• _Data section_:
=== Section Start ===
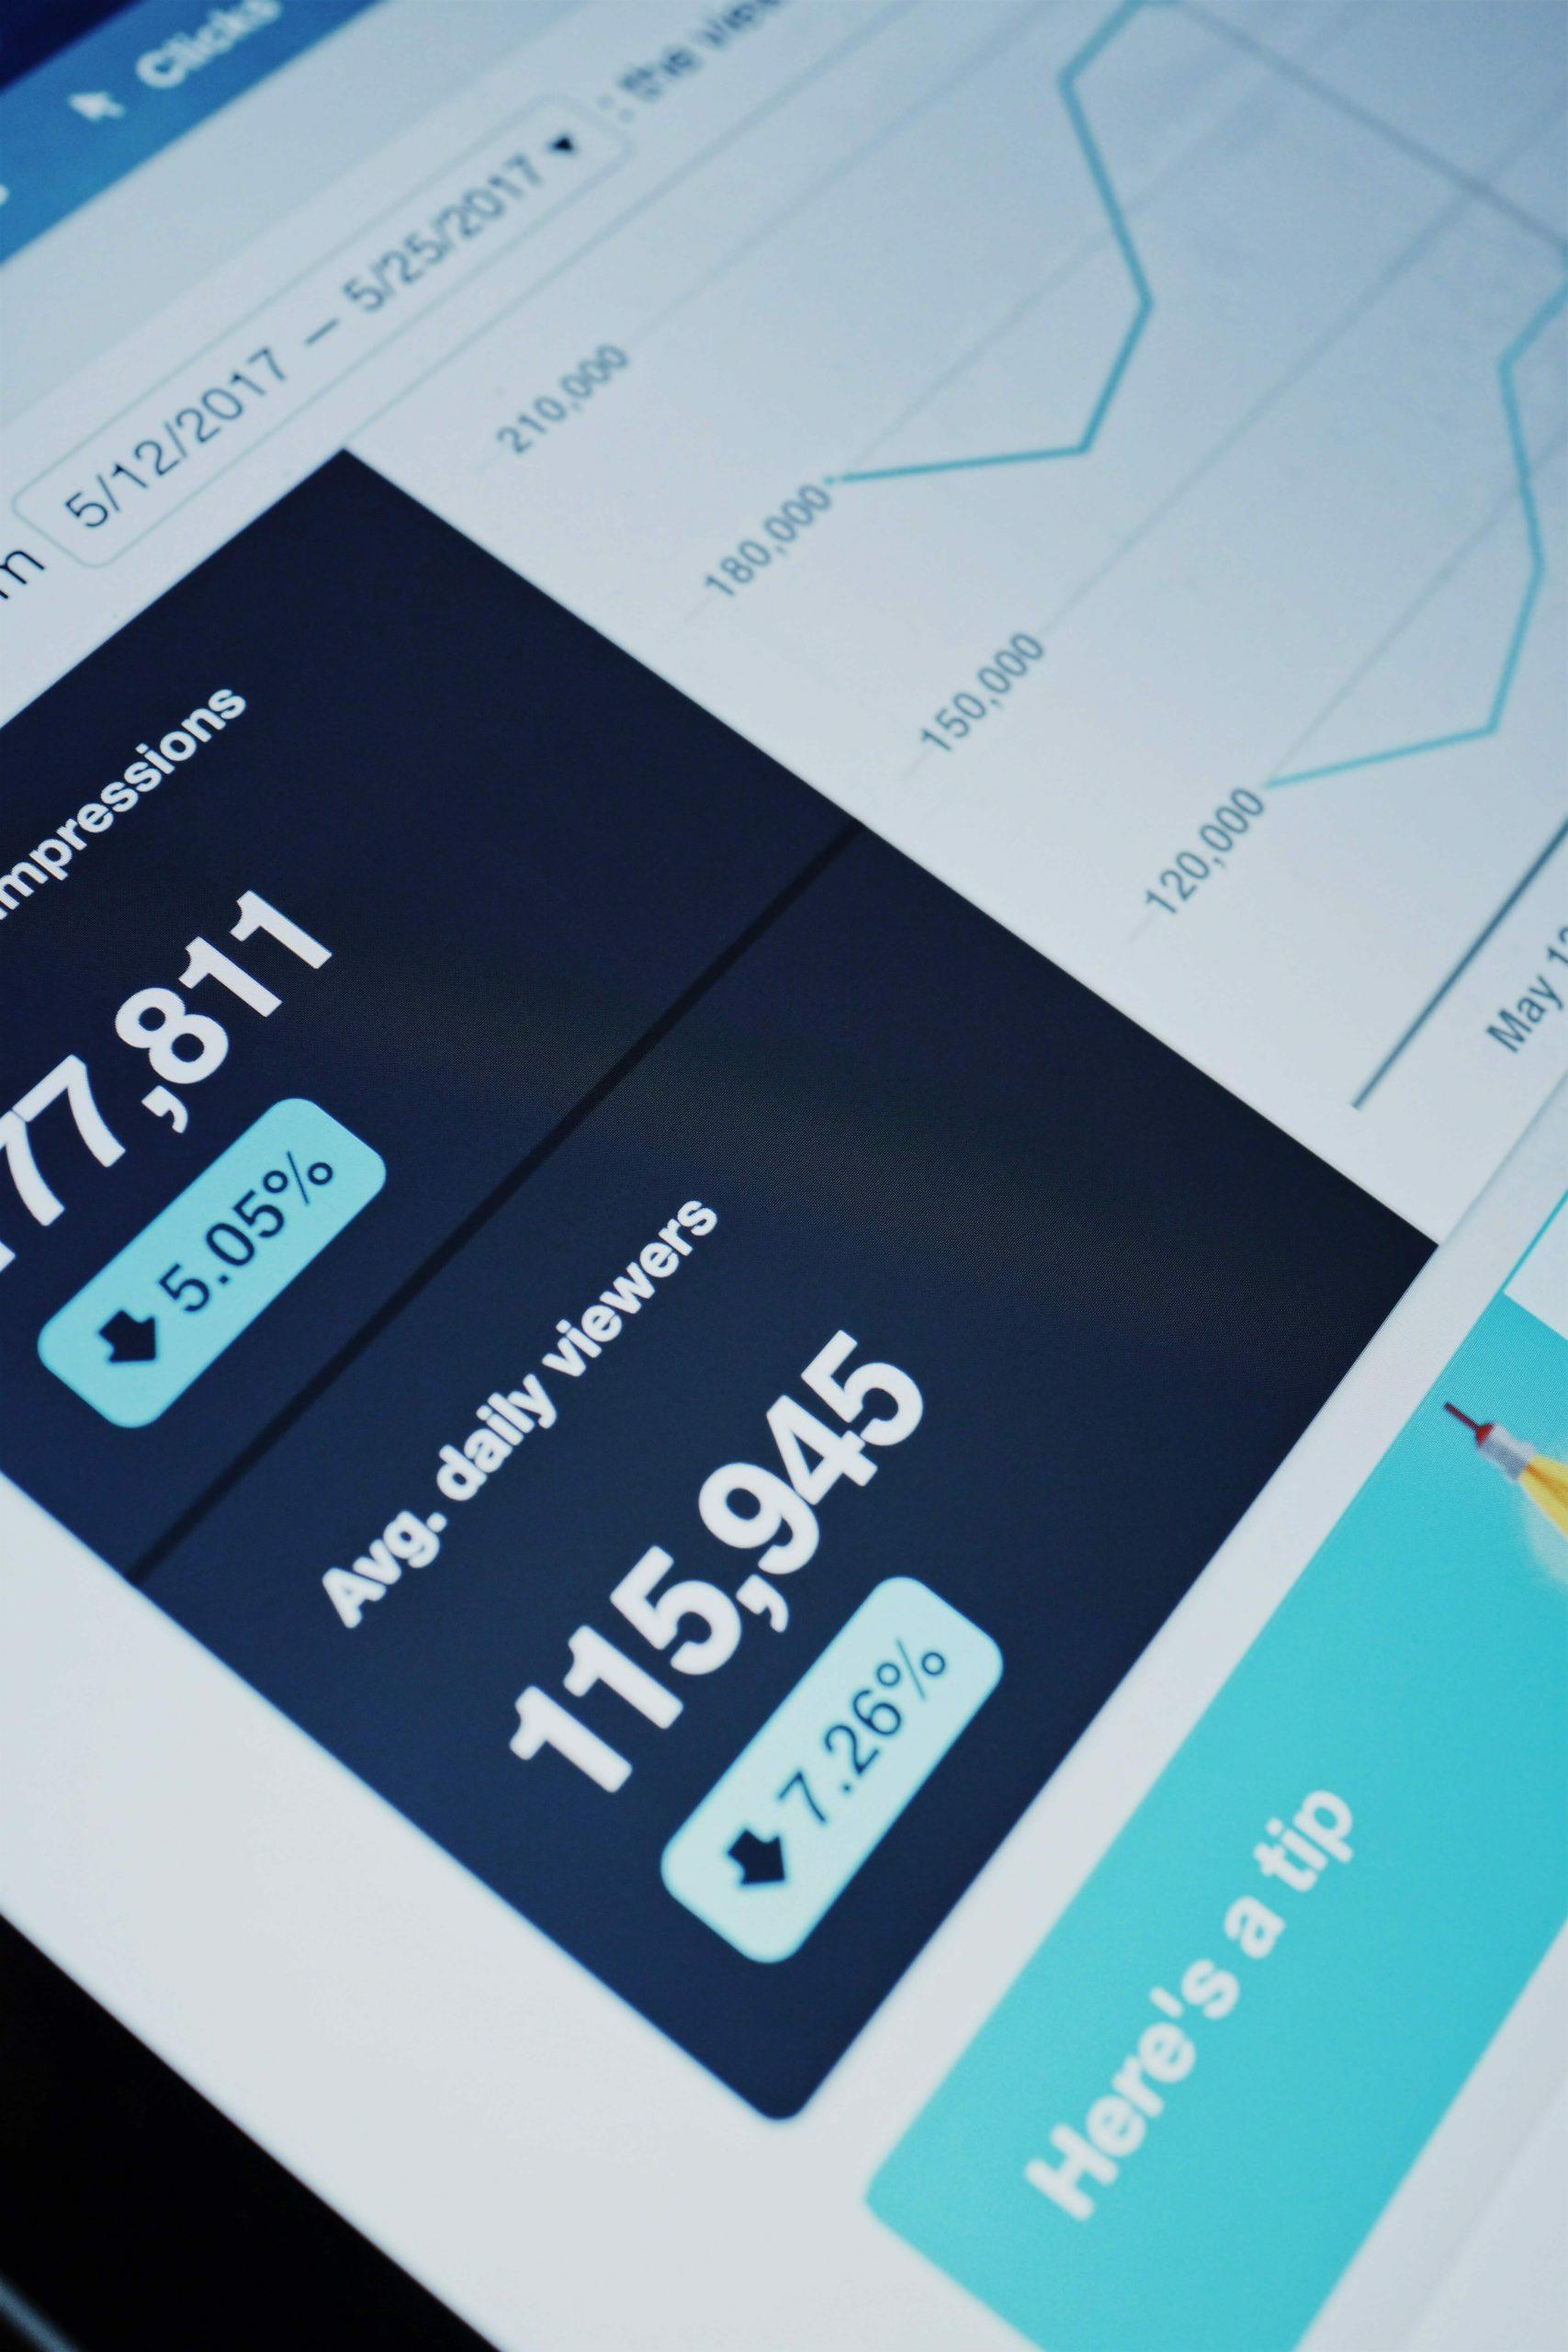 Free Instagram Analytics Tool (Wolf Analytics)
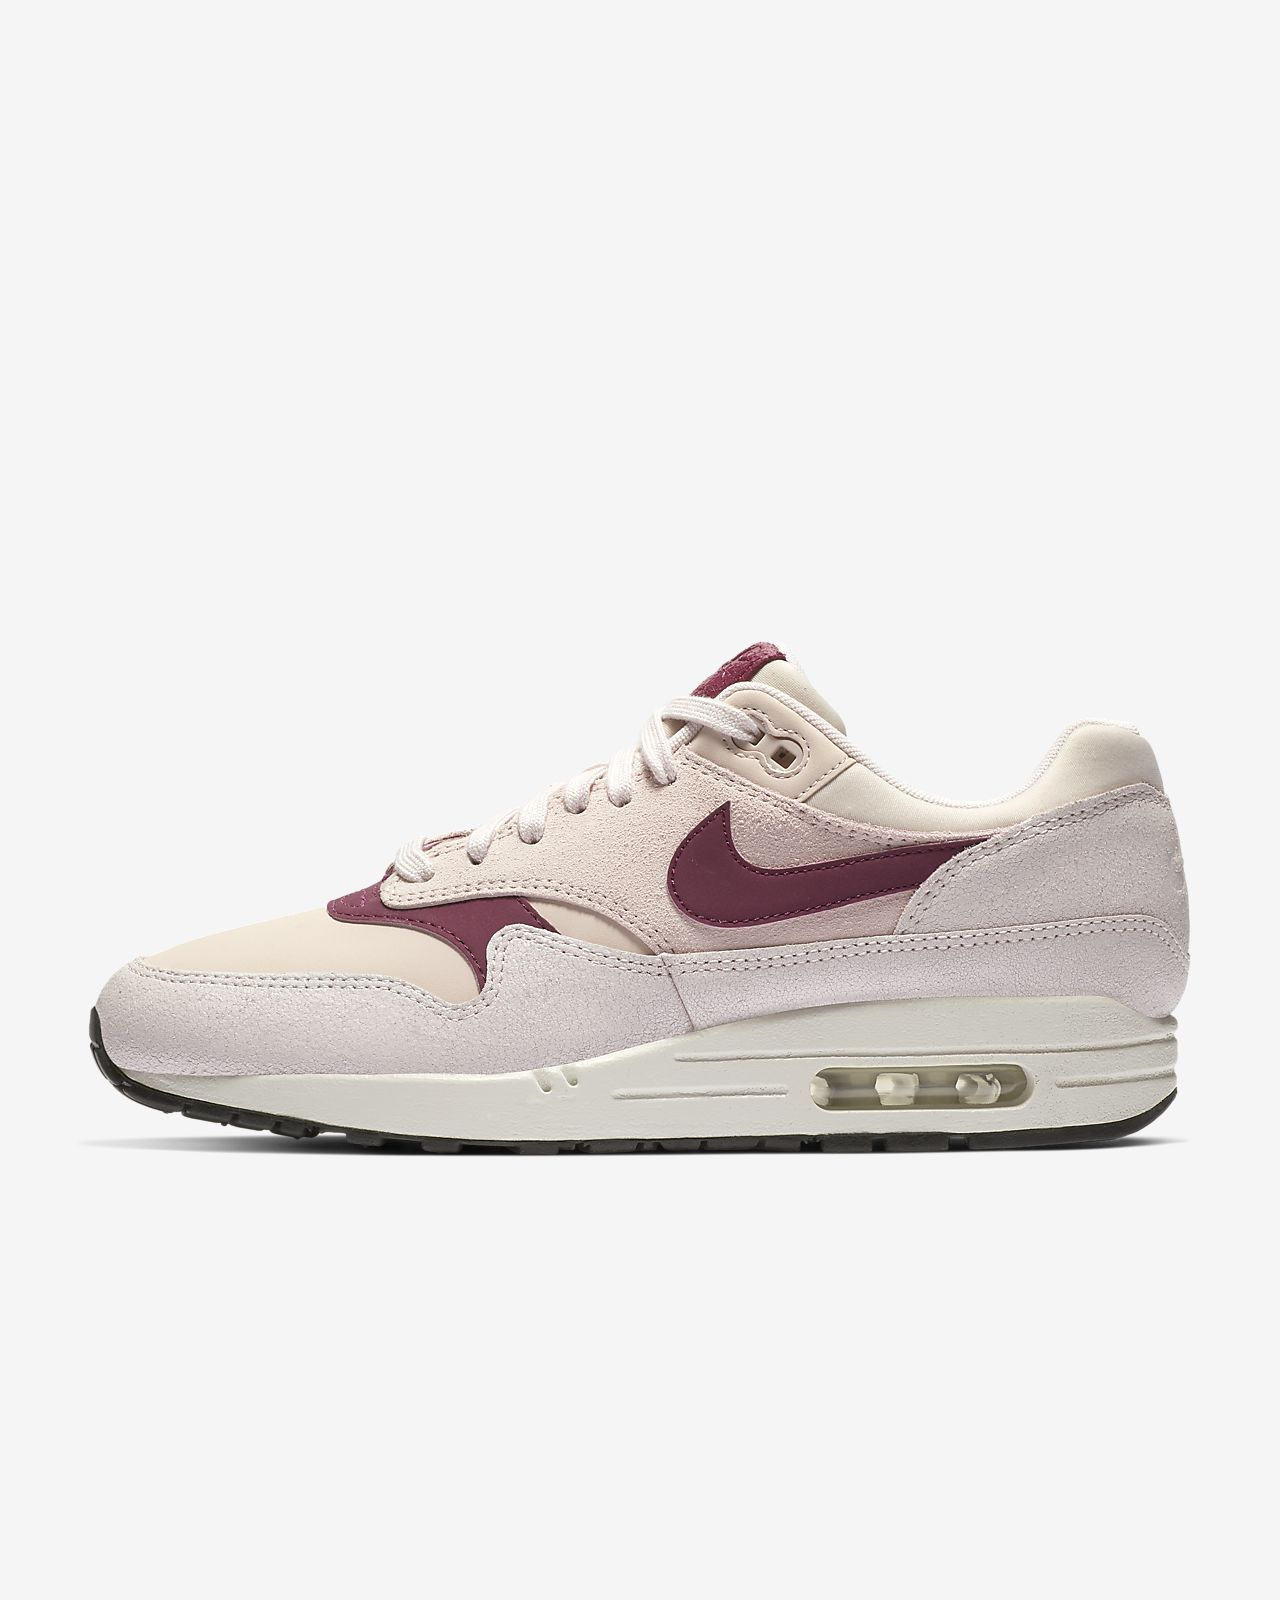 separation shoes 3b142 3930d ... Nike Air Max 1 Premium - sko til kvinder
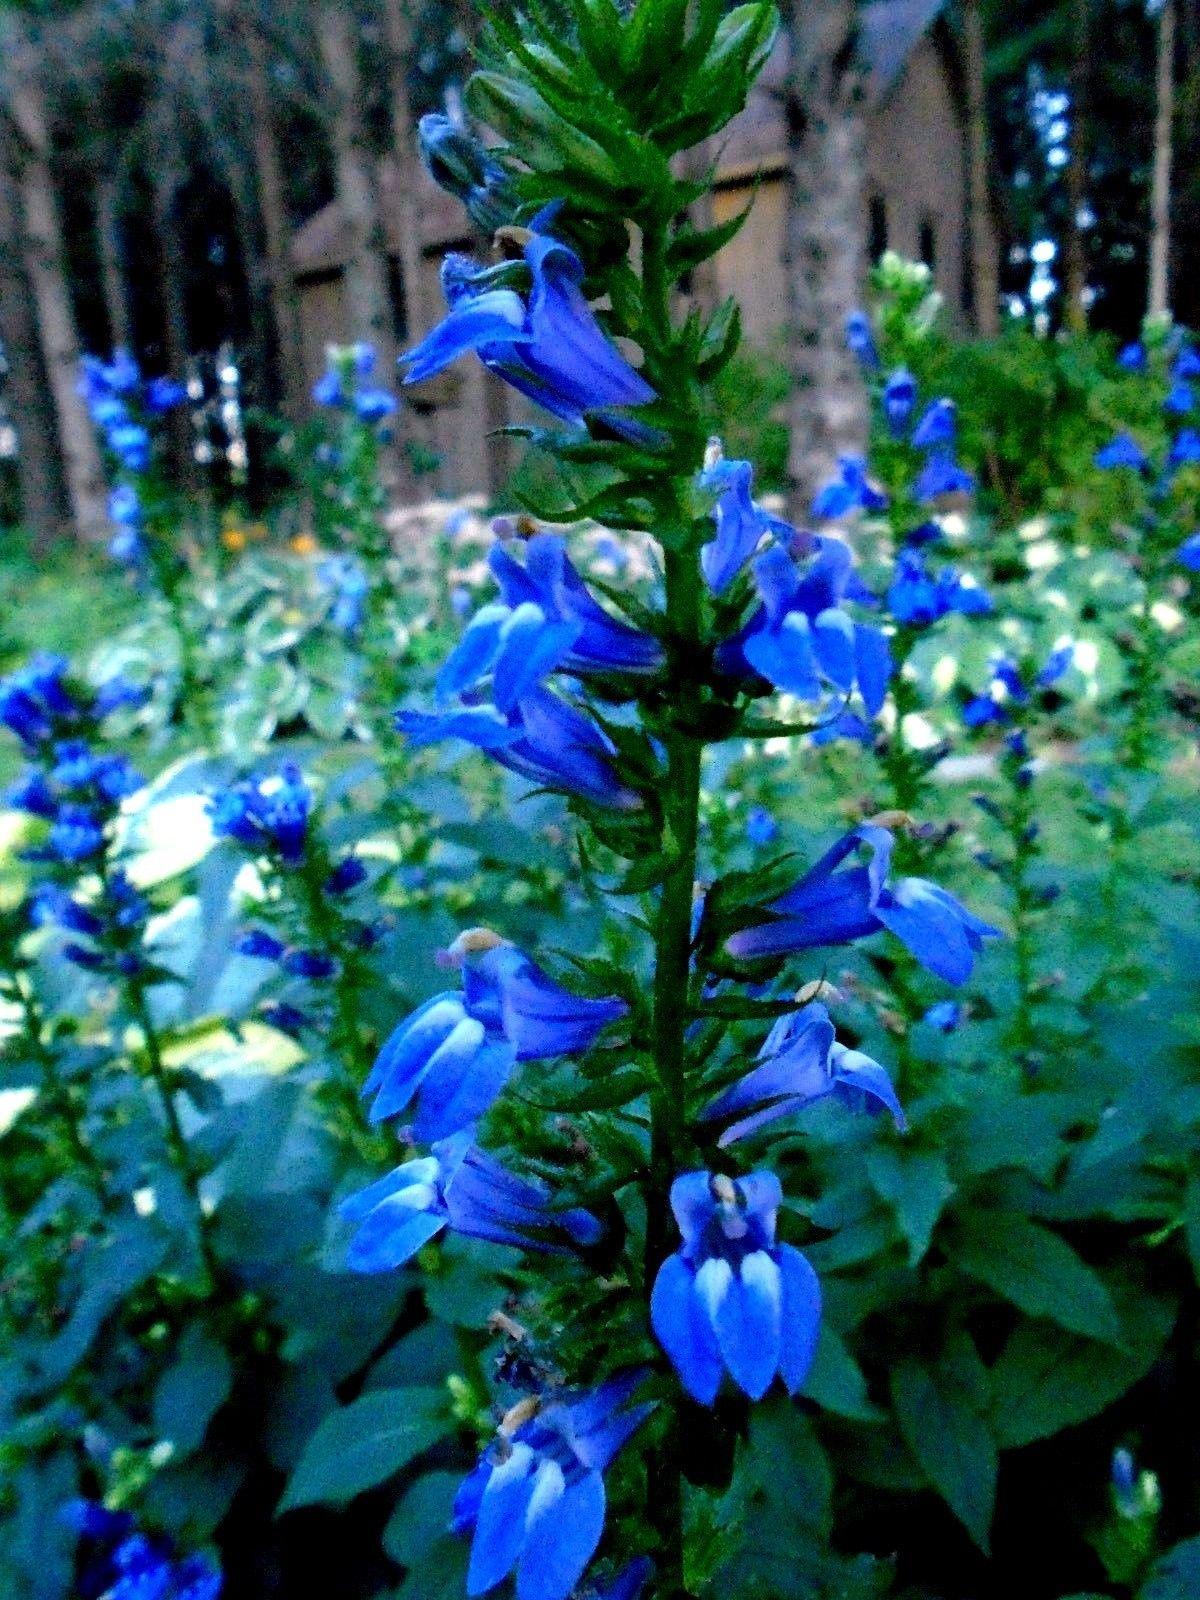 Blue Lobelia Plant Flowering Perennial Favorites Flowers
=== Section End ===
• _Exercise details_: Your job is to restate, word for word, only the lines from the one holding "separation shoes 3b142" through the end of the material; pictures stay out.

• _Answer to this task_:
 separation shoes 3b142 3930d ... Nike Air Max 1 Premium - sko til kvinder
 Blue Lobelia Plant Flowering Perennial Favorites Flowers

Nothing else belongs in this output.